Stored records:
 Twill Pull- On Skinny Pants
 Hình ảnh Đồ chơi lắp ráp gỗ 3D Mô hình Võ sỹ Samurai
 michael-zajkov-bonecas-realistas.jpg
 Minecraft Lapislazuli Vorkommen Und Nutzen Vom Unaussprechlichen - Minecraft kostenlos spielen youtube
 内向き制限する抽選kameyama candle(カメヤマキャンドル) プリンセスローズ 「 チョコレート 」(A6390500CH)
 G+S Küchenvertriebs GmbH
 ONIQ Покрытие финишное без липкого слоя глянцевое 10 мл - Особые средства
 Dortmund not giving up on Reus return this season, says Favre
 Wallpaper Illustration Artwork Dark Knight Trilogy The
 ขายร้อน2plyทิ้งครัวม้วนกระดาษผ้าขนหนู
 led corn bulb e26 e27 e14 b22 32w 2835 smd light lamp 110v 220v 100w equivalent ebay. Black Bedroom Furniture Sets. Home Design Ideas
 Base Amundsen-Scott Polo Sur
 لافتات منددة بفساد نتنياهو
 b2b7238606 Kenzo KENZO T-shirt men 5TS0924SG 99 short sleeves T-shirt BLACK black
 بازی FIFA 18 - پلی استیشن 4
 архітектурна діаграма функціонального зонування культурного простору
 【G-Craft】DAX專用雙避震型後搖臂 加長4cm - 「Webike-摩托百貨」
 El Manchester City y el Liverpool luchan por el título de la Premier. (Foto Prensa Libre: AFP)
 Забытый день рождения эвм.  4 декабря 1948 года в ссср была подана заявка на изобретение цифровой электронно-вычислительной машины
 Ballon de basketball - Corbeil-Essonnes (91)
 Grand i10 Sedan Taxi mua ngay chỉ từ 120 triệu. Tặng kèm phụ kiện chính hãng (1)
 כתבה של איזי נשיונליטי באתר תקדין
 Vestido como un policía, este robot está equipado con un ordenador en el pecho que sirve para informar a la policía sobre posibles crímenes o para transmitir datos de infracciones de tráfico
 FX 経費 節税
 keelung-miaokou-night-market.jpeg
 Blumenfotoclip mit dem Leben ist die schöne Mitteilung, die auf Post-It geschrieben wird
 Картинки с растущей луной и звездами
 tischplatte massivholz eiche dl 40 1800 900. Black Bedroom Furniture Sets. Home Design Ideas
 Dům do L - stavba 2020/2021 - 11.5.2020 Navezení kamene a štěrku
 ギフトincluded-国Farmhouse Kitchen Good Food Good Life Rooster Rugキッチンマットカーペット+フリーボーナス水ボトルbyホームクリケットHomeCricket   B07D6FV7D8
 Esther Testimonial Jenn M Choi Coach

• Exercise directions: Beginning with the line that has "El Manchester City" and ending with the line that has "כתבה של איזי נשיונליטי באתר תקדין", set down the lines above exactly and include no others.

• Task answer:
 El Manchester City y el Liverpool luchan por el título de la Premier. (Foto Prensa Libre: AFP)
 Забытый день рождения эвм.  4 декабря 1948 года в ссср была подана заявка на изобретение цифровой электронно-вычислительной машины
 Ballon de basketball - Corbeil-Essonnes (91)
 Grand i10 Sedan Taxi mua ngay chỉ từ 120 triệu. Tặng kèm phụ kiện chính hãng (1)
 כתבה של איזי נשיונליטי באתר תקדין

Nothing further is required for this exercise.